Комментаторы не преминули отметить параллель между возобновленной дискуссией по поводу Sonderweg и «спором Фишера», развернувшимся двадцать лет назад, что указывает на степень нагруженности немецкой истории моральными смыслами. В 1961 году гамбургский историк Фриц Фишер опубликовал книгу, где рассматривались цели Германии в Первой мировой войне [Fischer 1961; 1967]. Две особенности книги сделали ее своеобразным символическим рубежом. Во-первых, Фишер выявил линии преемственности между целями, которые преследовала Германия в двух мировых войнах.

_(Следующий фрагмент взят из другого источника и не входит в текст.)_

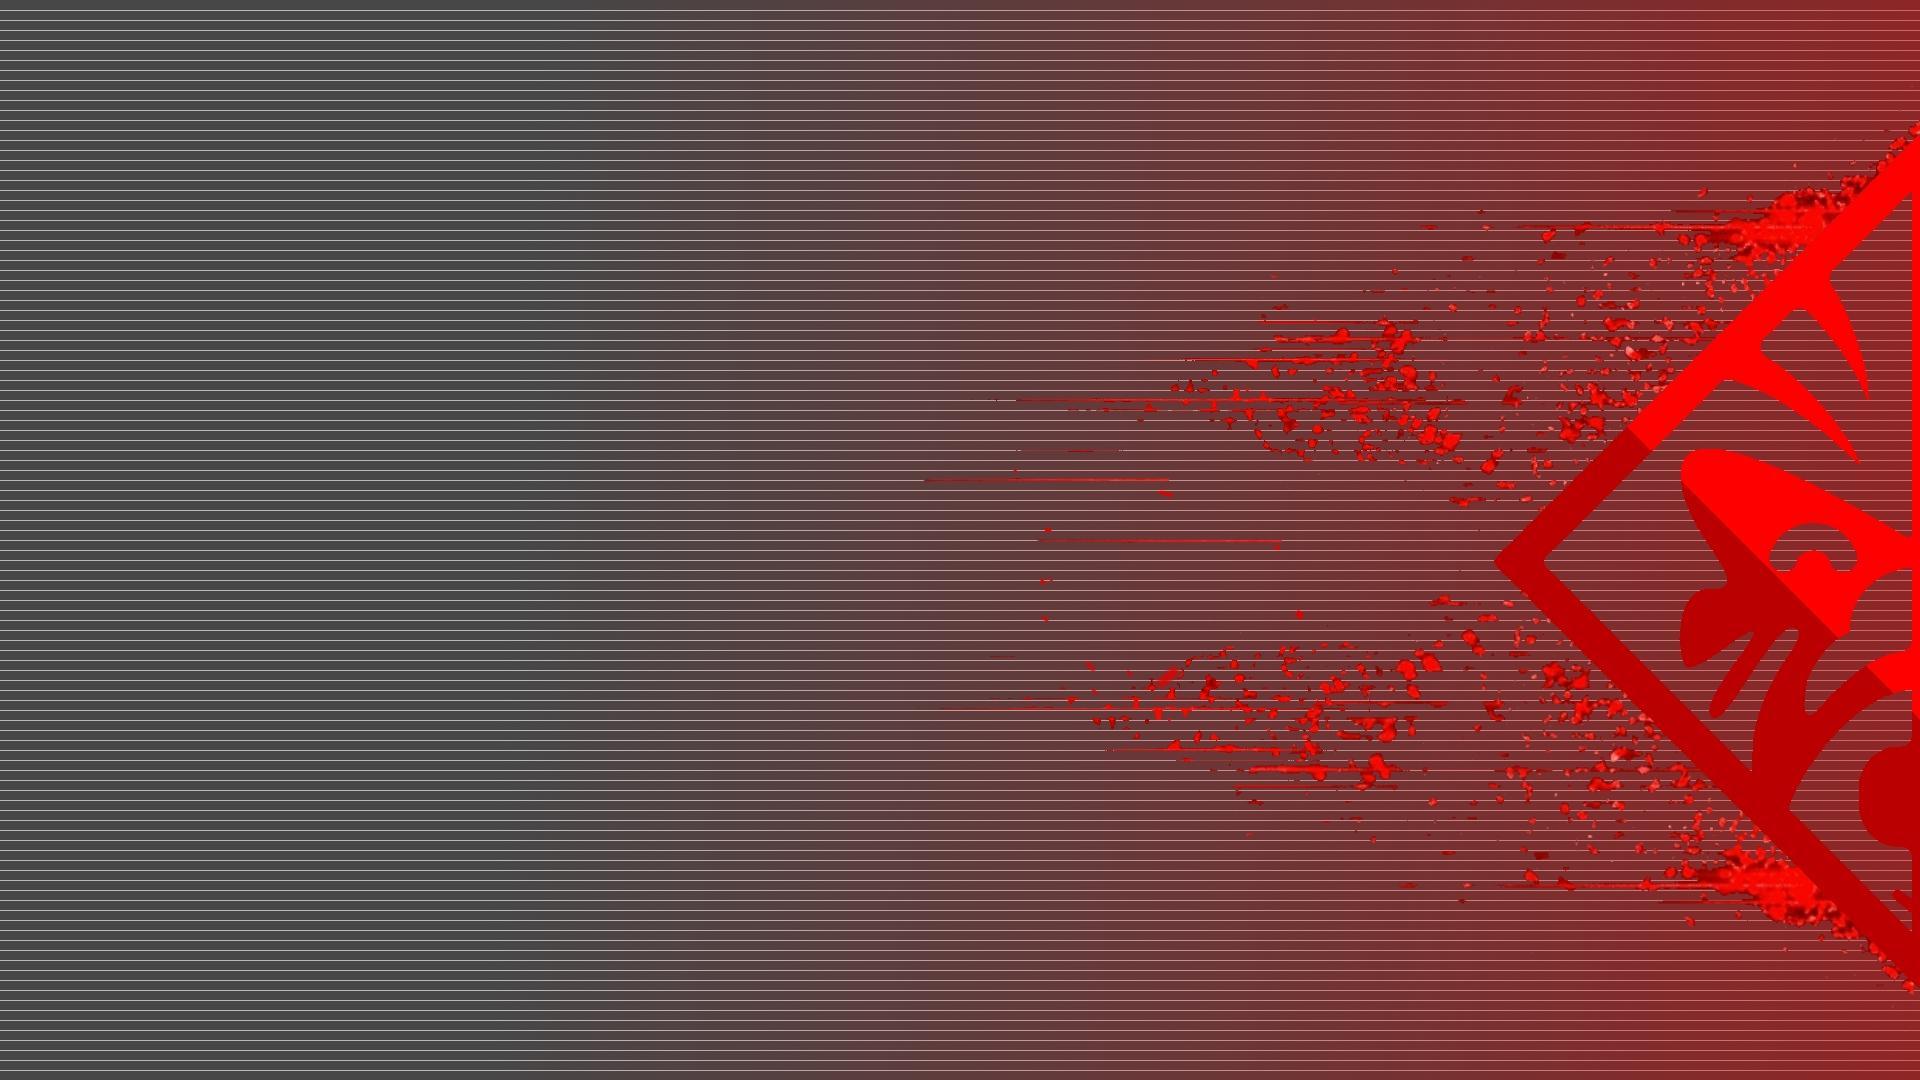 HD Omen Desktop Wallpapers - Wallpaper Cave

Во-вторых, он уделил значительное внимание изучению роли, которую играли экономические интересы в империи Вильгельма, и общему контексту экономической и социальной нестабильности, существовавшему в Германии накануне войны. Оба момента в 1961 году звучали совершенно непривычно, и непреходящая актуальность развернувшейся вокруг них дискуссии связана с враждебностью, с какой столкнулся Фишер и его относительно небольшое число сторонников, как со стороны тогдашнего христианско-демократического правительства, так и научного истеблишмента — Zunft [150]

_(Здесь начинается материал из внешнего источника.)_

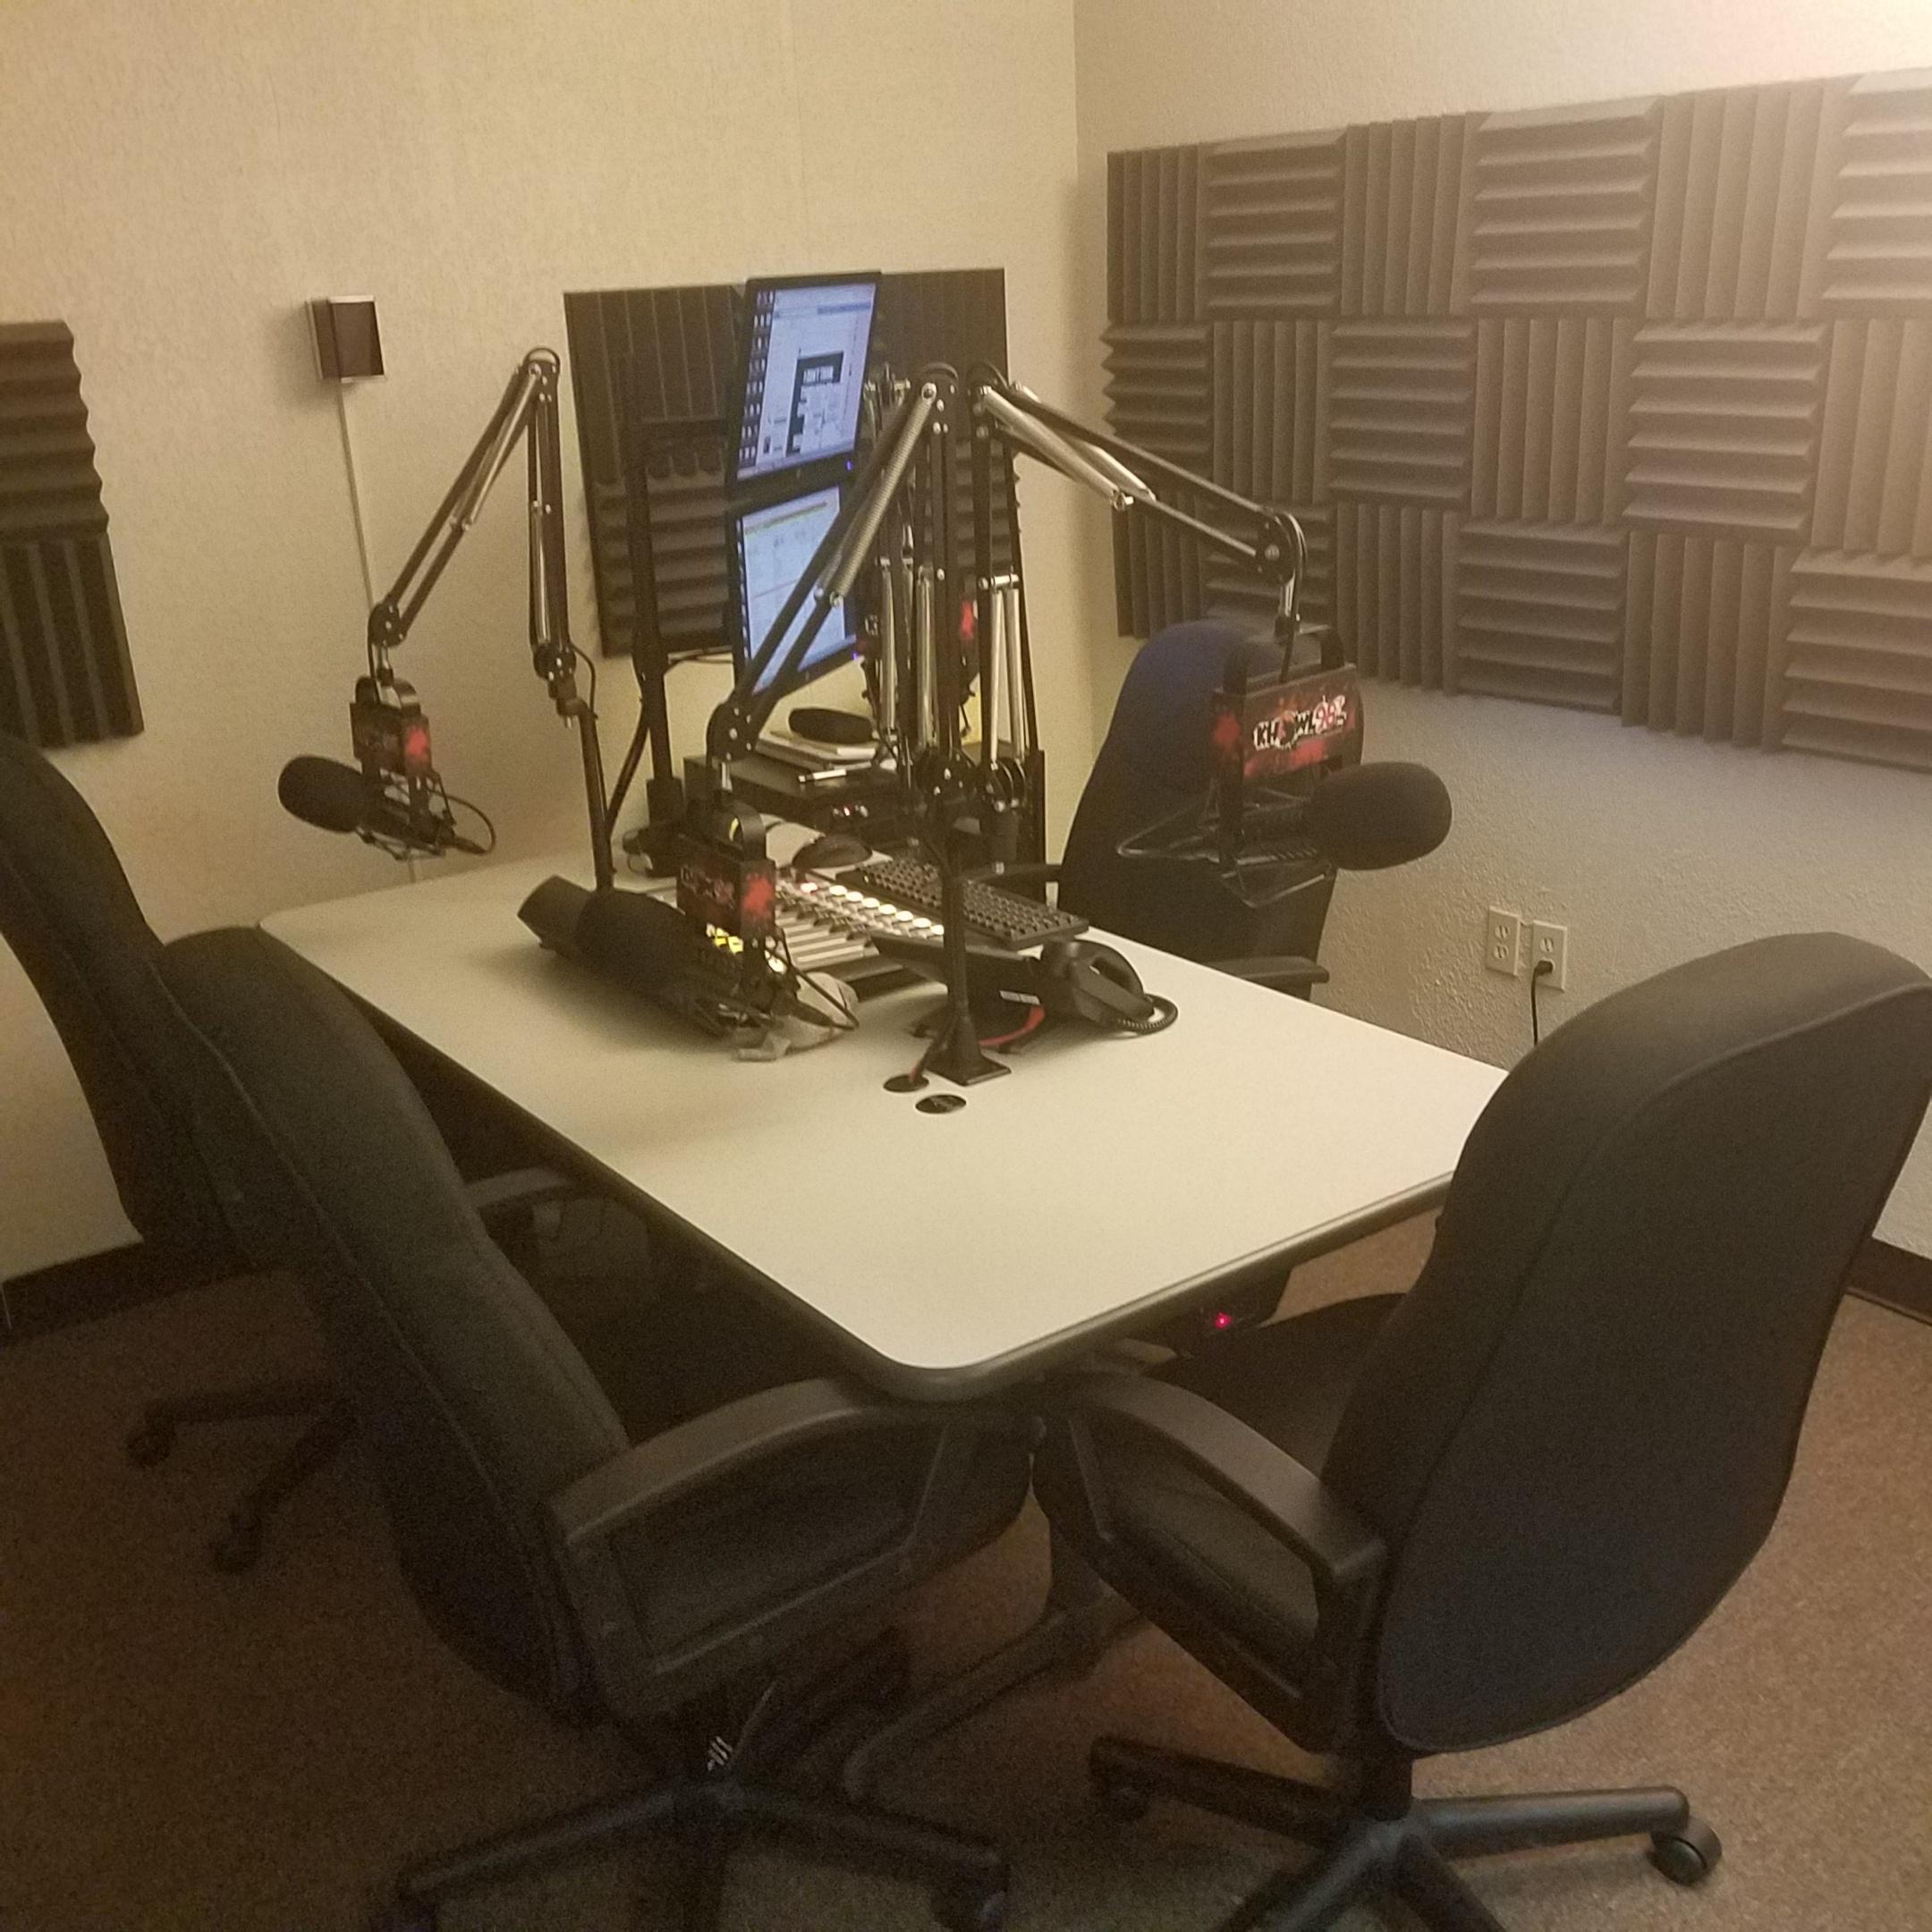 KHOWL auxiliary studio

Действительно, политические и методологические проблемы, затронутые Фишером, всегда были тесно переплетены. Zunft-историки, такие как Герхард Риттер, представляли вдвойне консервативные традиции немецкого историзма XIX века. Как исследователи они подчеркивали необходимость интуитивного и «понимающего» (verstehend) проникновения в индивидуальное сознание для выявления намерений и мотивов исторических деятелей. С точки зрения политики такой «понимающе» — герменевтический подход легко подводил к заключению, будто то, что есть, и должно быть. Все понять совсем не обязательно означает все простить, но нередко кажется именно так. Более того, по своей природе историзм был враждебен компаративным исследованиям и приложению к исторической «реальности» аналитических теорий, взятых из социальных наук [151]Поэтому Герхард Риттер с возмущением отрицал возможность сравнения Бетман-Гольвега и Гитлера, немецкой внешней политики до 1914 года и в 1930 ‐ е, имперской Германии Бисмарка и гитлеровского Третьего рейха. Историзм в той же мере демонстрировал антипатию к а нонимным силам, выявлением которых занималась экономическая и социальная история. Отсюда сочетание политической и методологической неприязни, натолкнувшее некоторых на мысль, что Фрицу Фишеру стоит перебраться в ГДР.